What the task asks: Given the entries below, would you transcribe exactly the lines starting at the one with "ALLEMAGNE / REPUBLIQUE" and ending at the one with "スカーフをかぶってポーズを取る老女。1870年代", both kept, pictures omitted, nothing extra?

Task material:
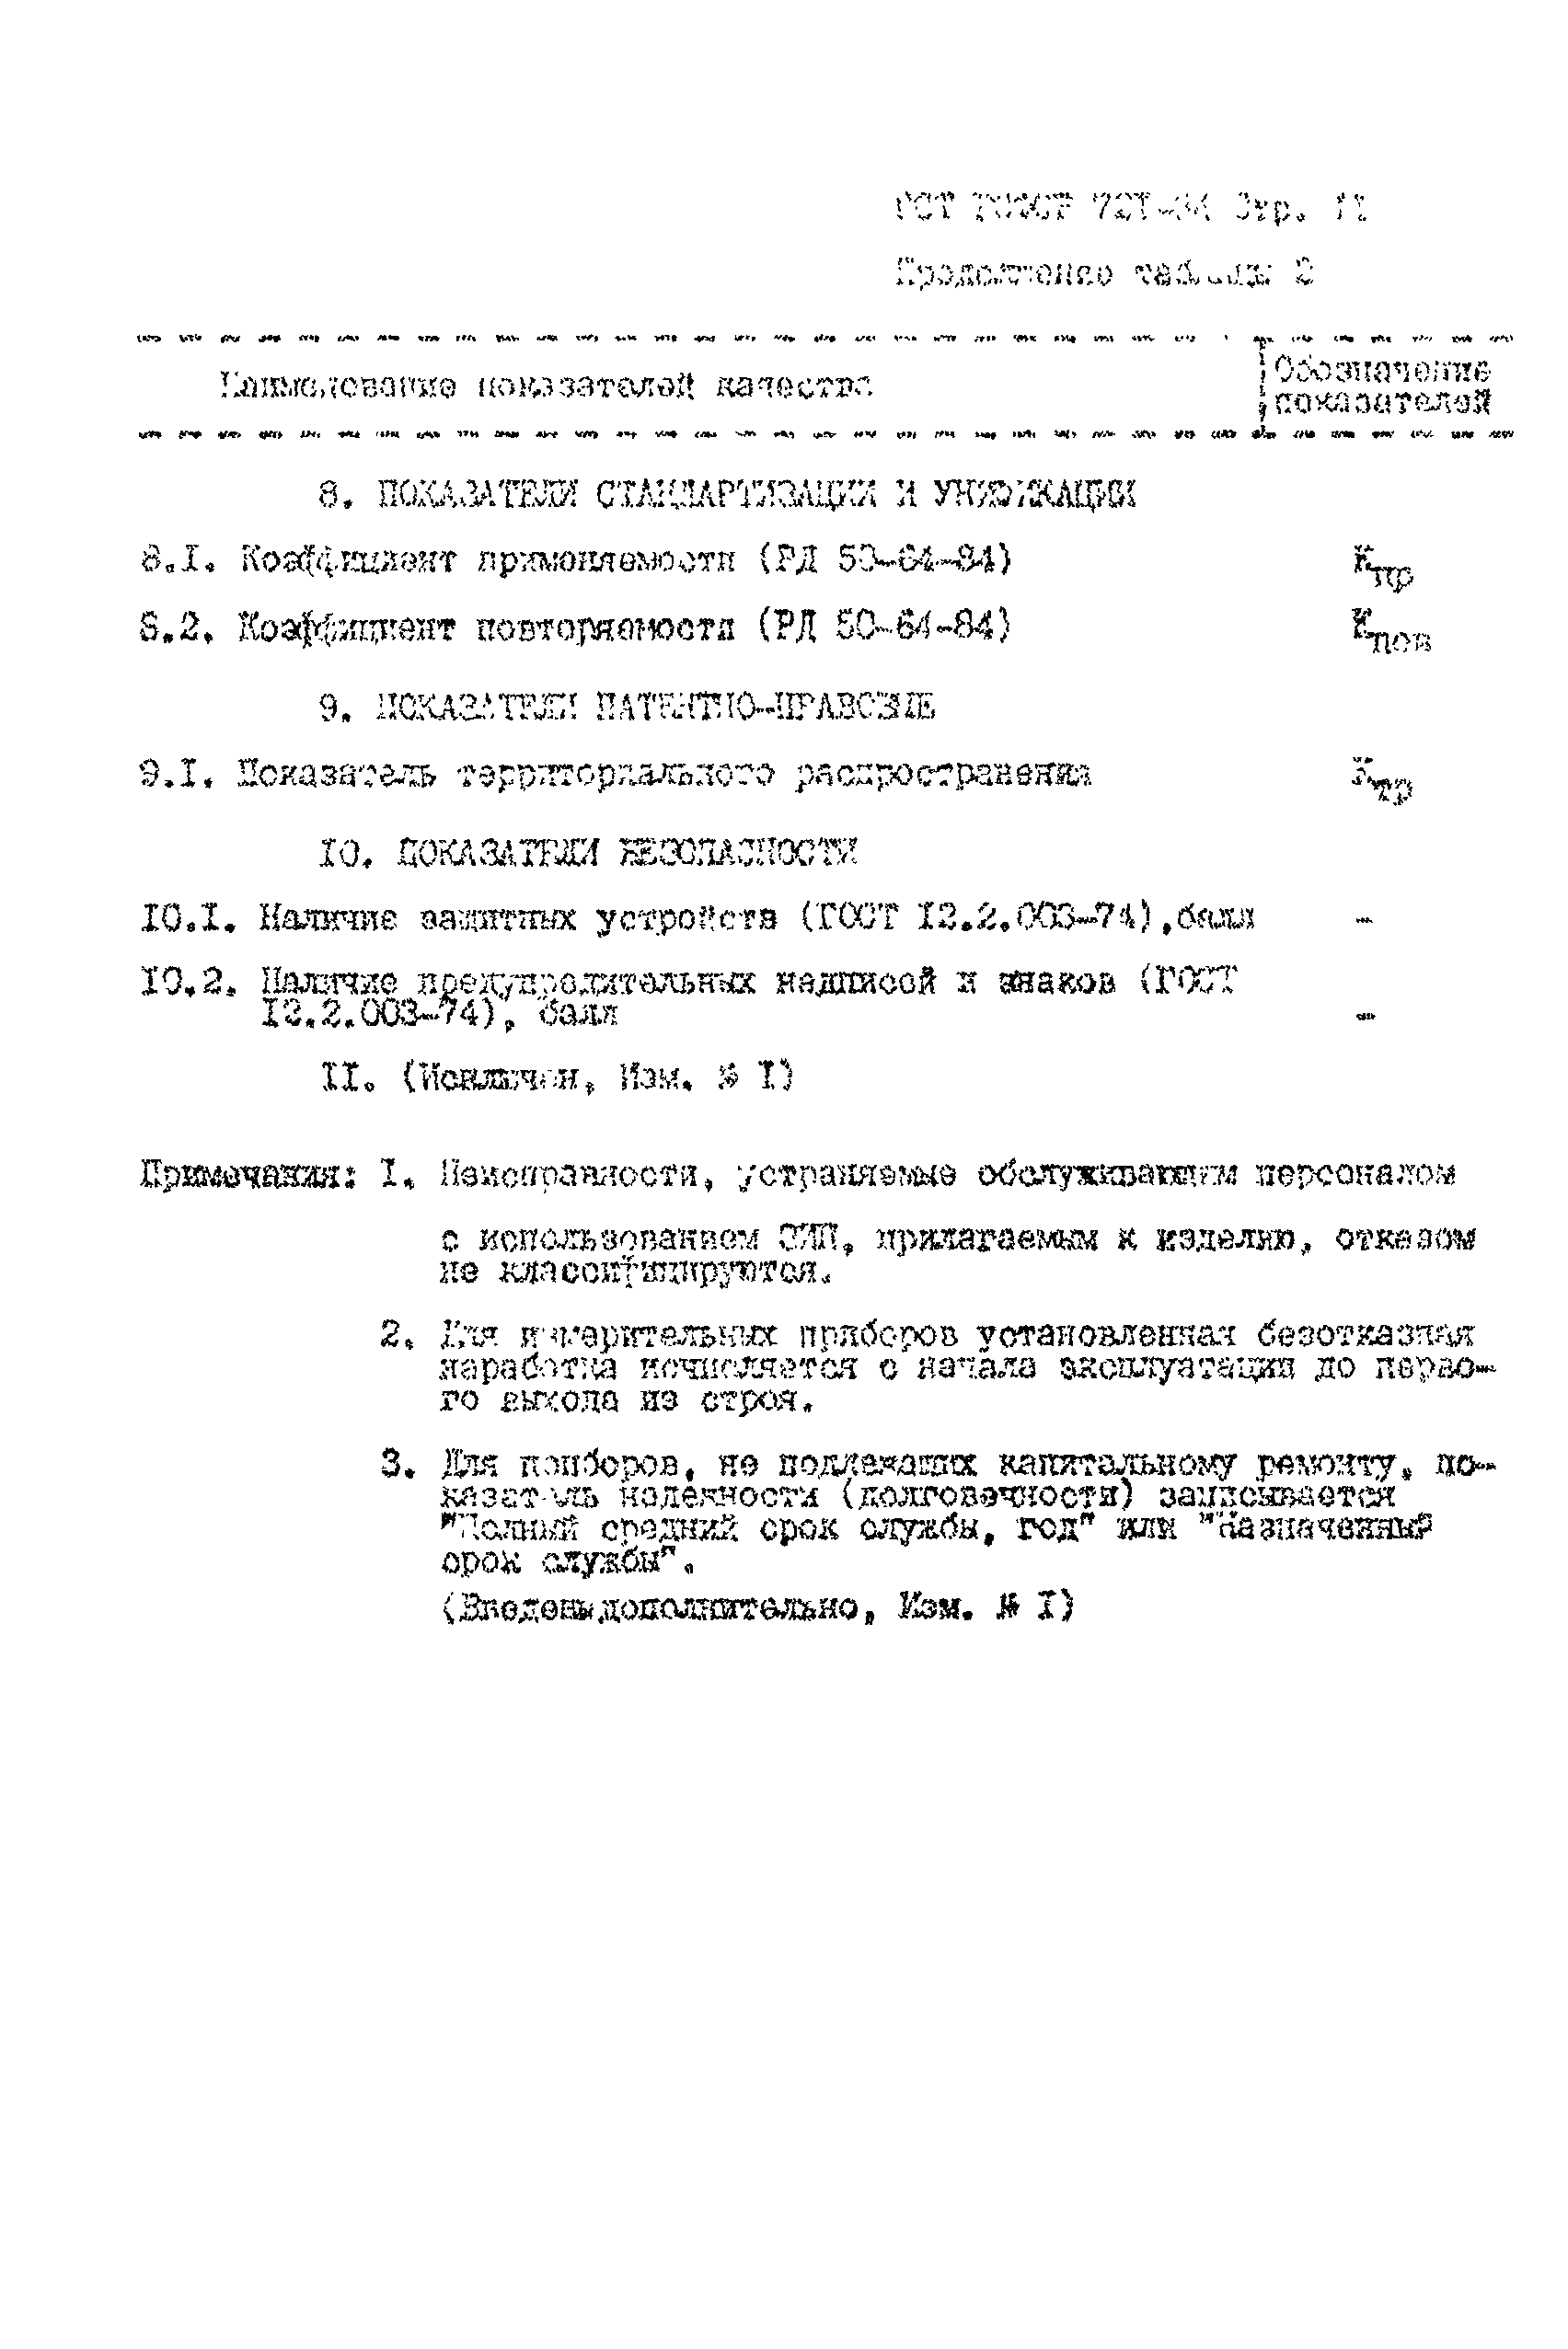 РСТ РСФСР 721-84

...

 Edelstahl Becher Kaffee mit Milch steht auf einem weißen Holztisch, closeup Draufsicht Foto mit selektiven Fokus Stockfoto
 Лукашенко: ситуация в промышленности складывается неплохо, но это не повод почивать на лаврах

...

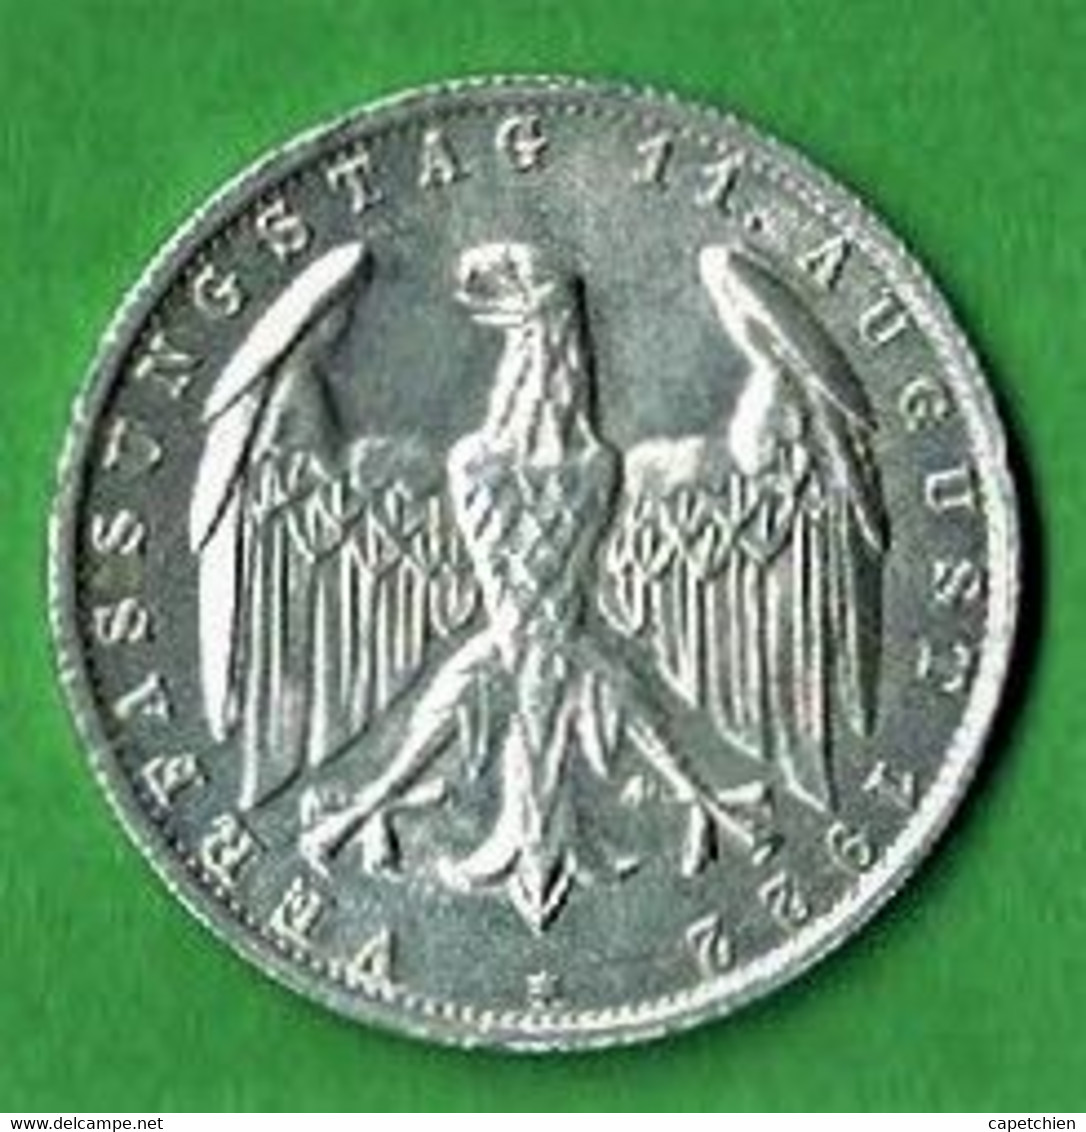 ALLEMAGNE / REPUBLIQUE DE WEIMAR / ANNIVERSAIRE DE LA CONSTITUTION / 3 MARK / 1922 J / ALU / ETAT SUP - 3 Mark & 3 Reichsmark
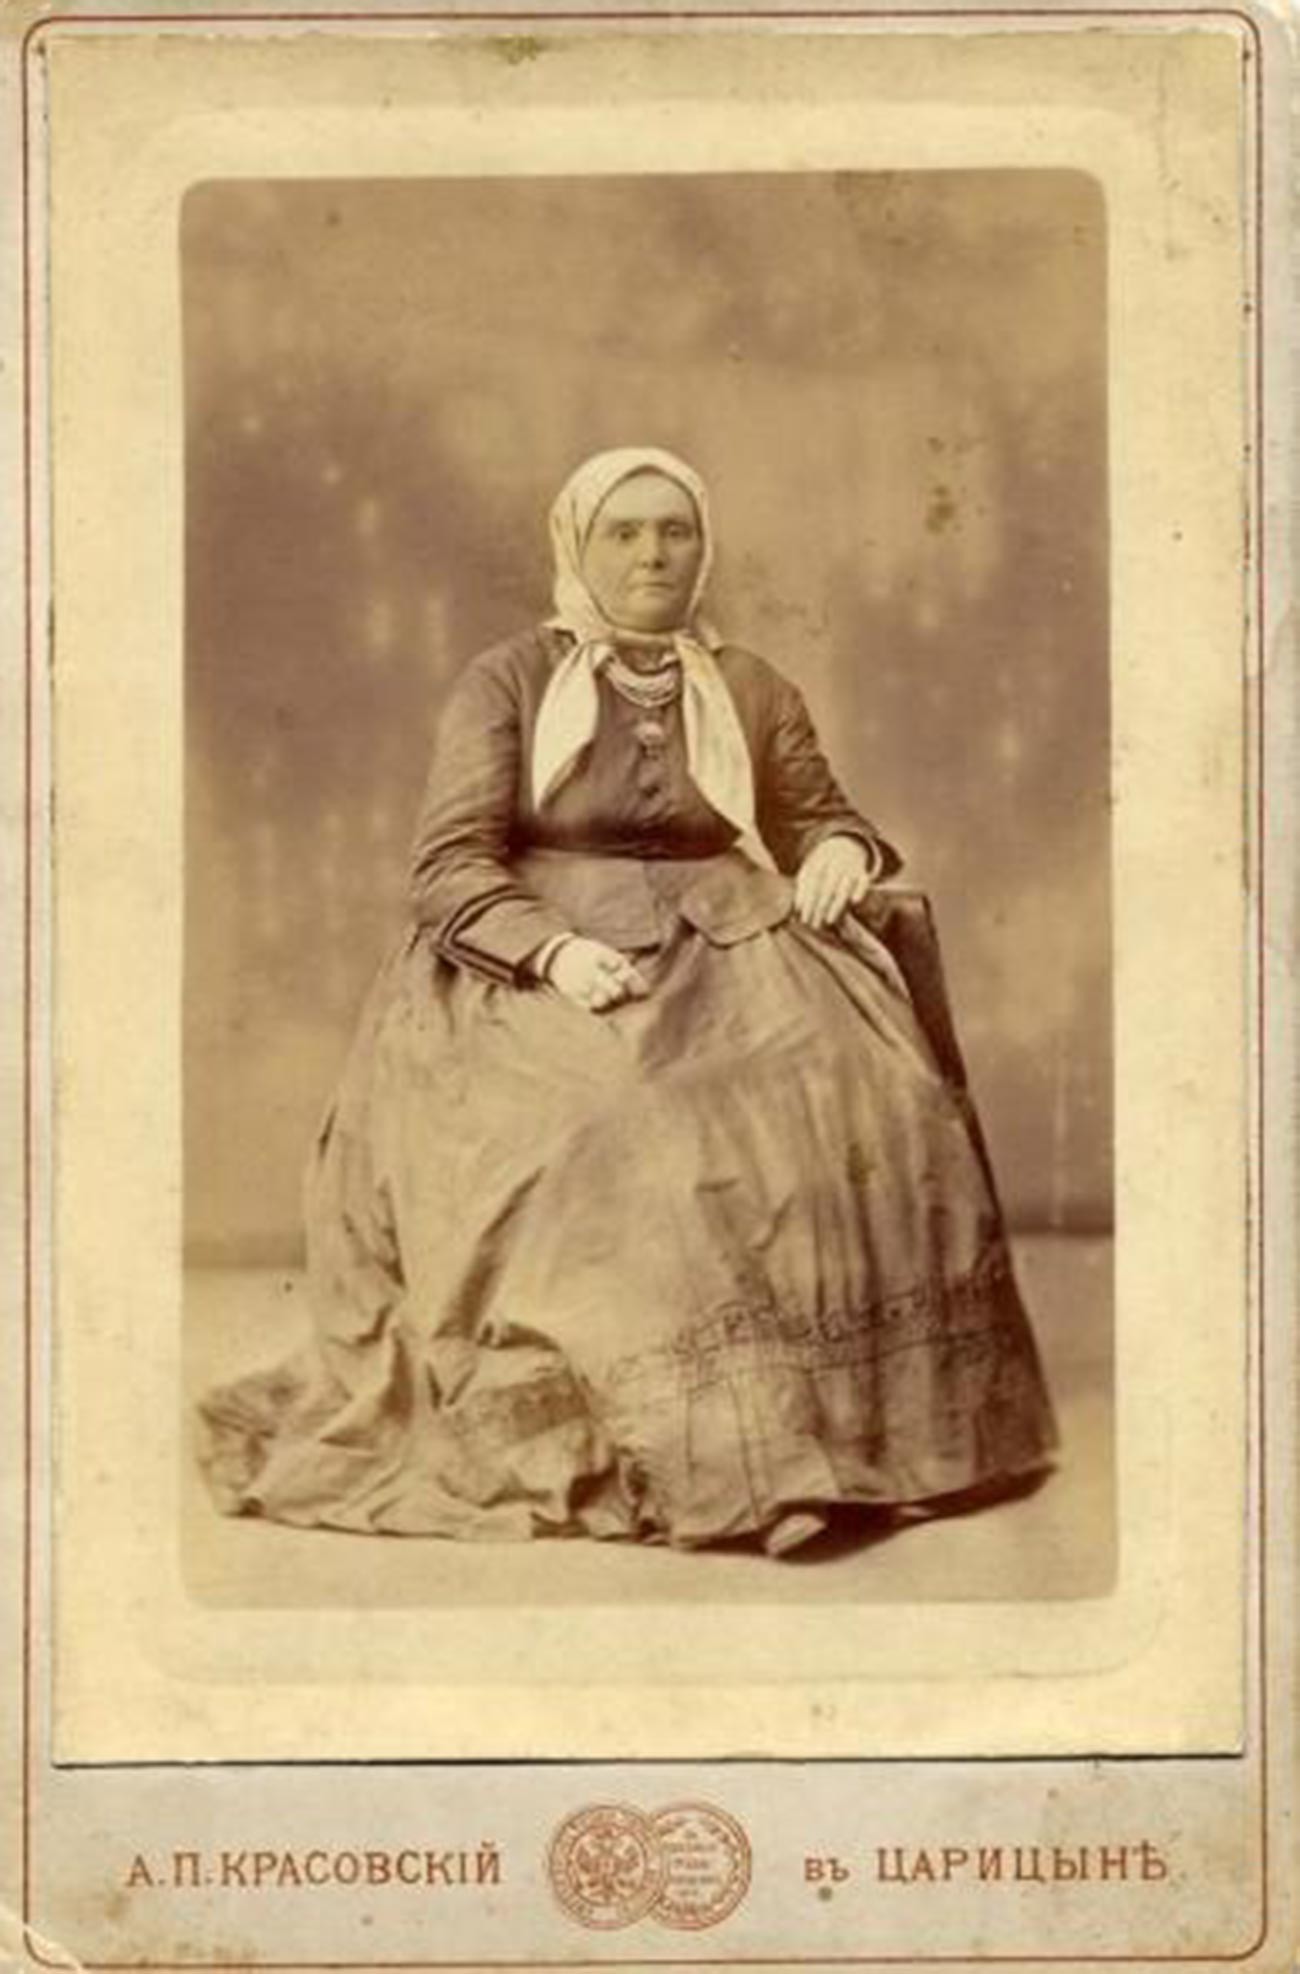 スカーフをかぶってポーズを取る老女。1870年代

Exercise output:
 ALLEMAGNE / REPUBLIQUE DE WEIMAR / ANNIVERSAIRE DE LA CONSTITUTION / 3 MARK / 1922 J / ALU / ETAT SUP - 3 Mark & 3 Reichsmark
 スカーフをかぶってポーズを取る老女。1870年代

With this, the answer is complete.